Word-for-word transcription: reproduce all of the data, but not the pictures.

**Recorded information:**
□ □ □ □

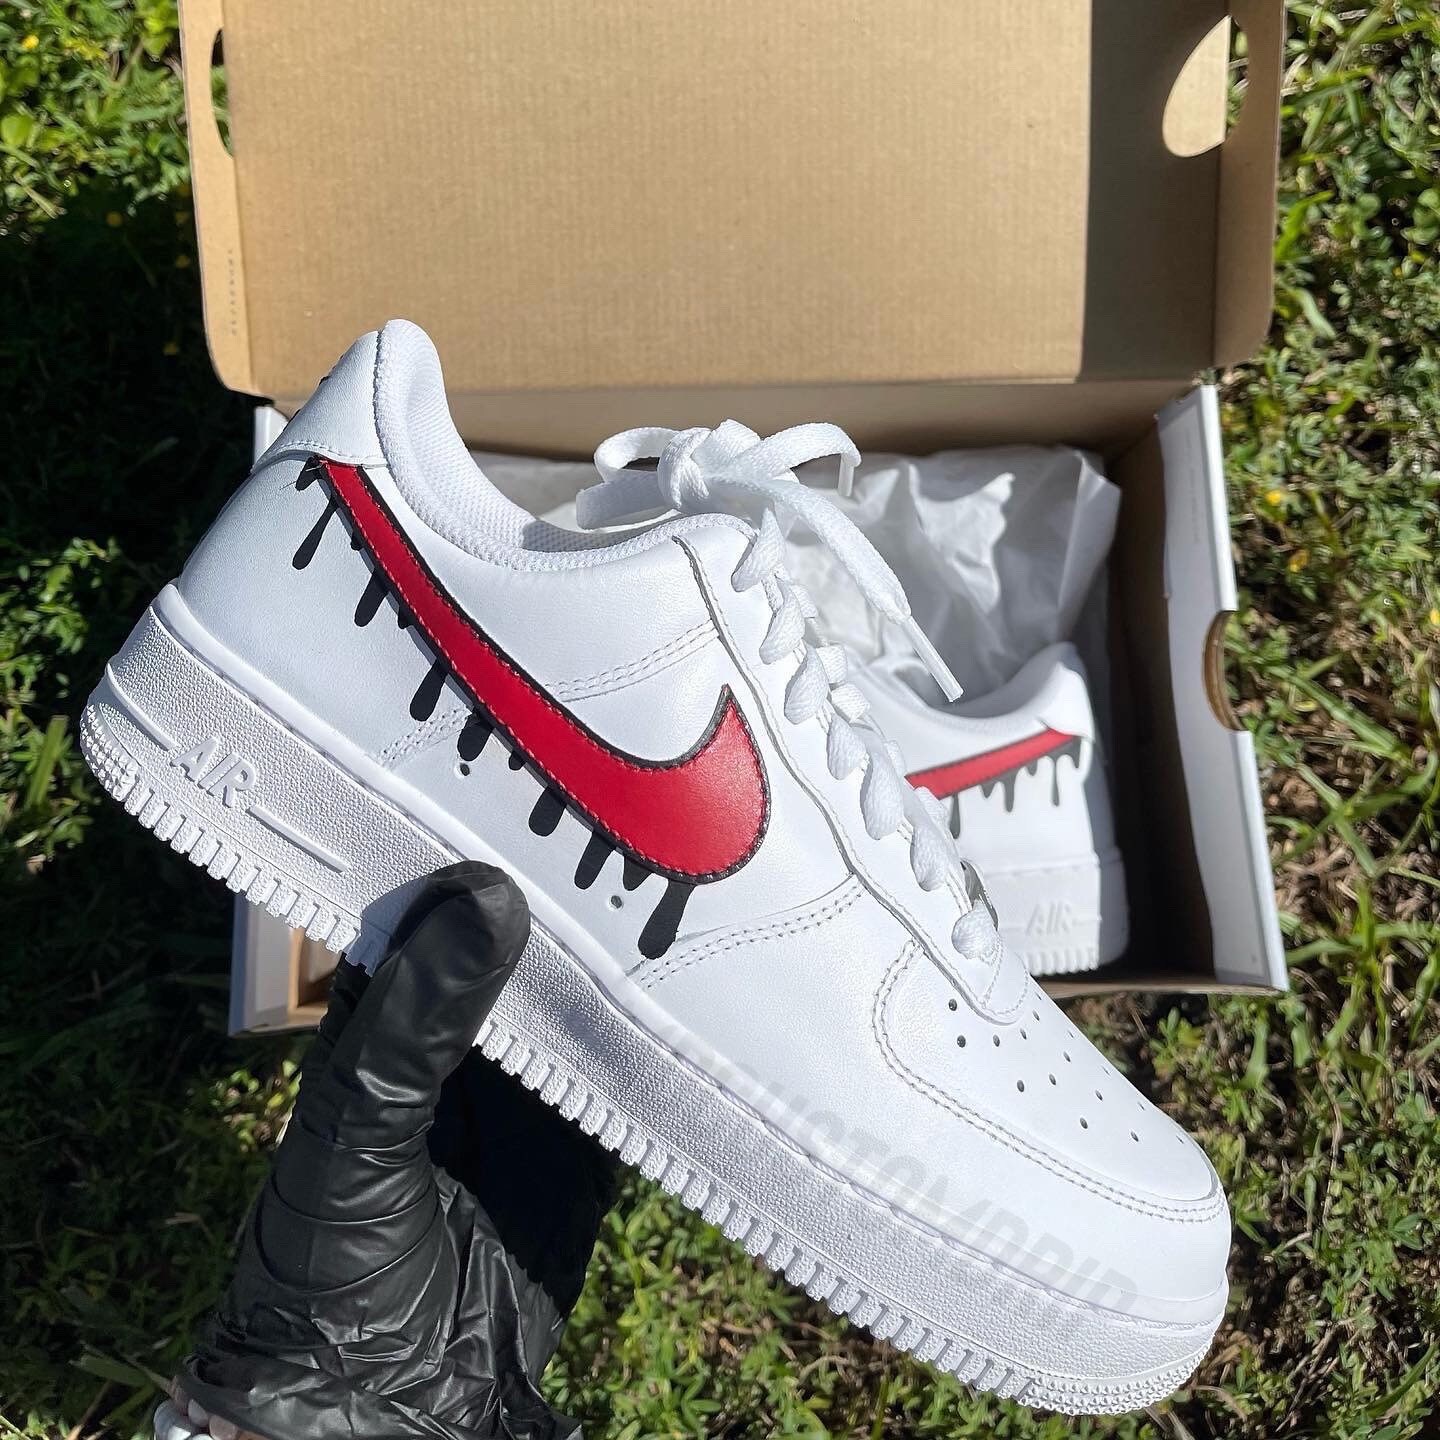 Blood Air Force 1 - Etsy
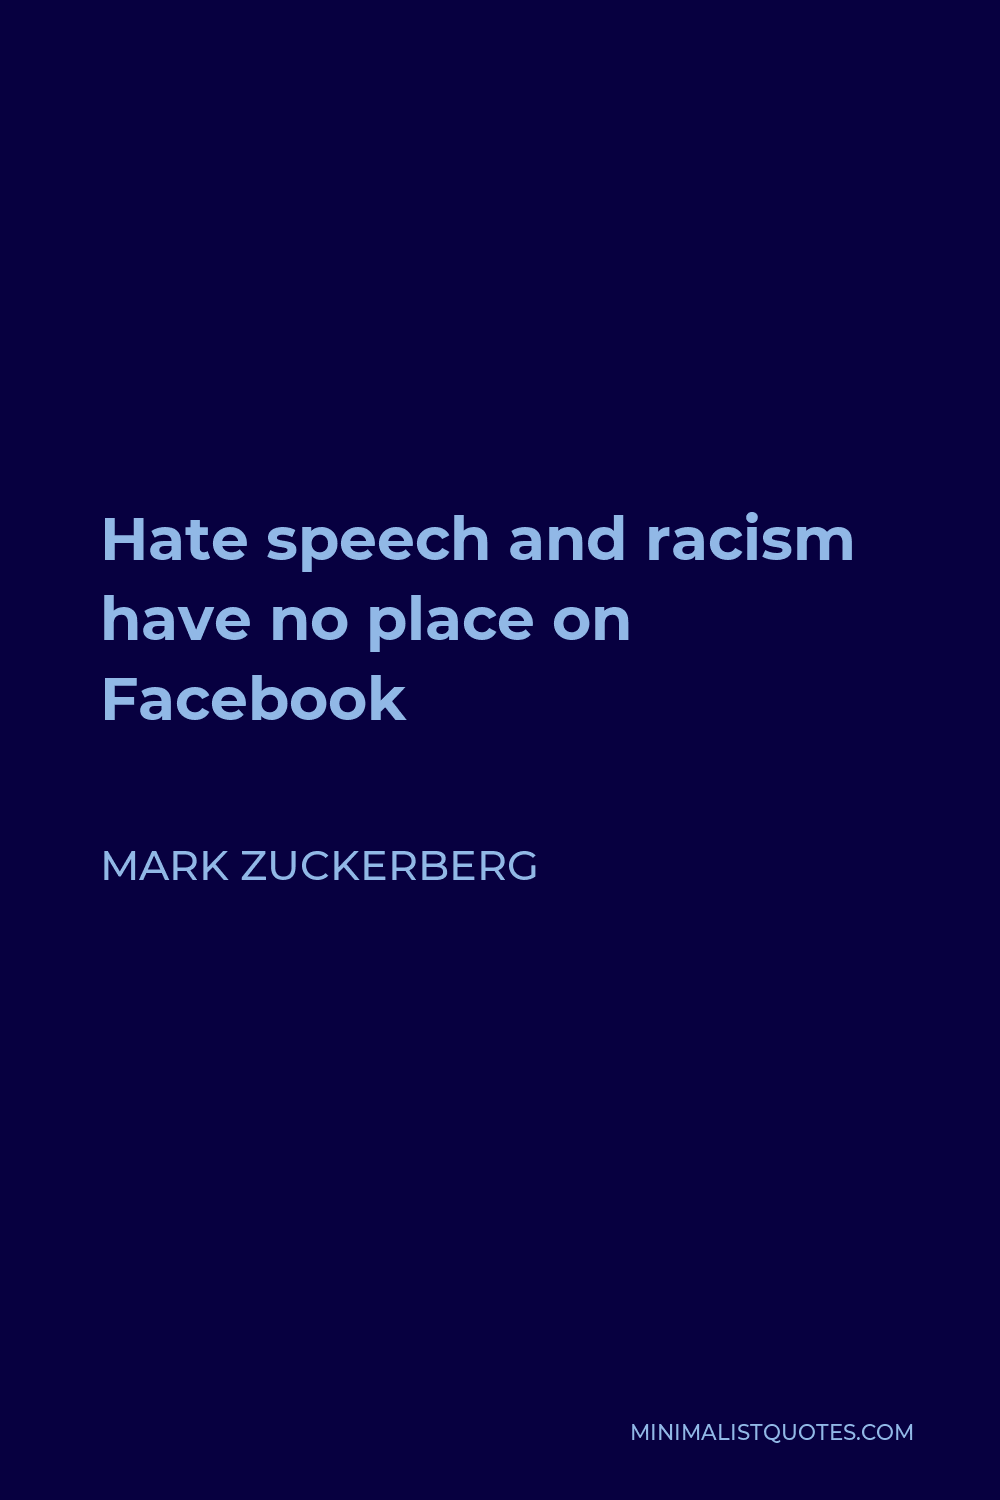 Mark Zuckerberg Quote - Hate speech and racism have no place on Facebook
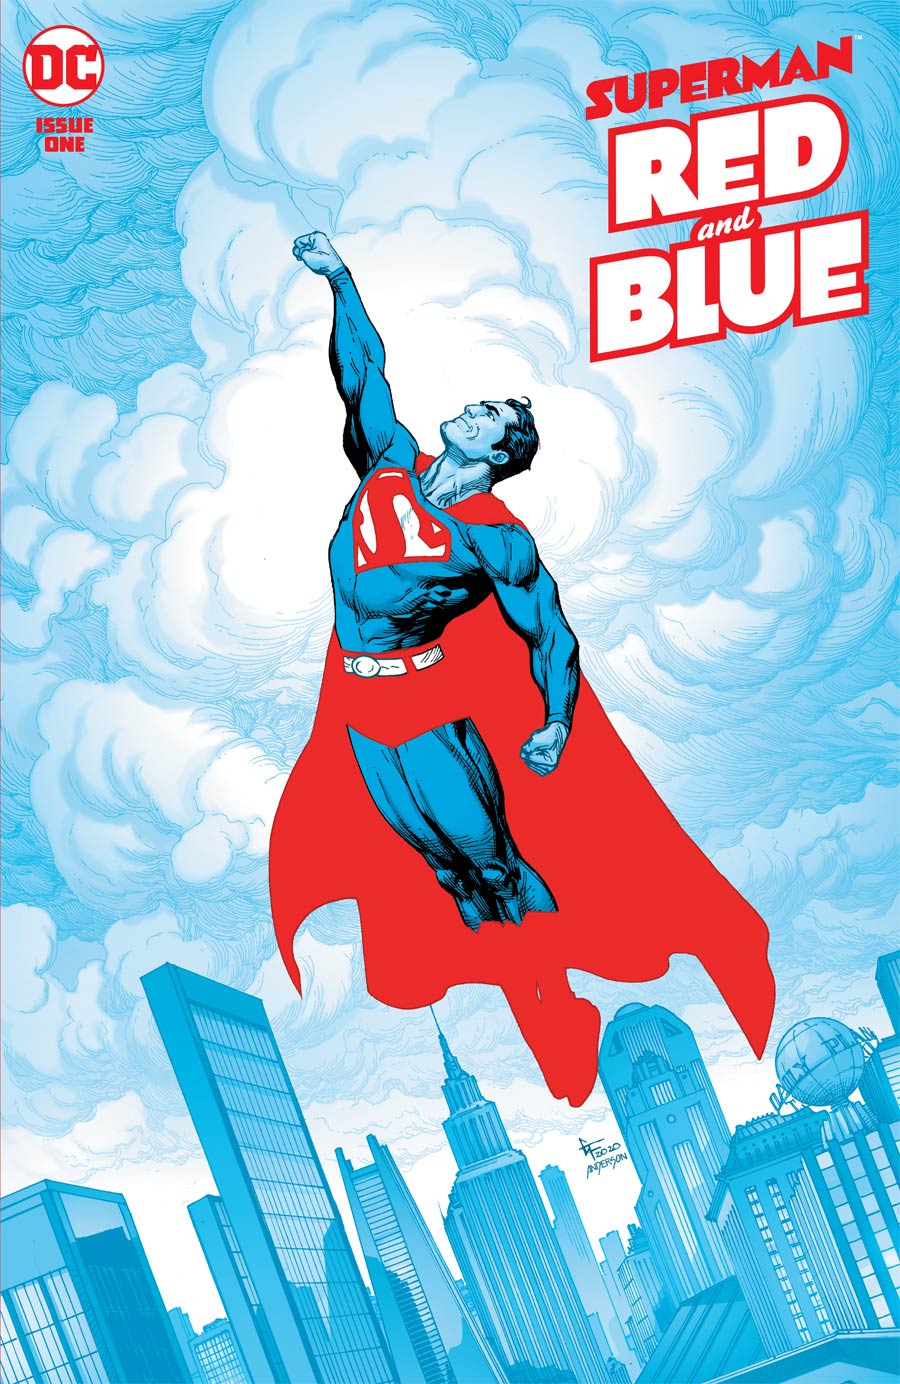 Superman: Red and Blue #1

□ □ □ □

**Response area:**
 Blood Air Force 1 - Etsy
 Mark Zuckerberg Quote - Hate speech and racism have no place on Facebook
 Superman: Red and Blue #1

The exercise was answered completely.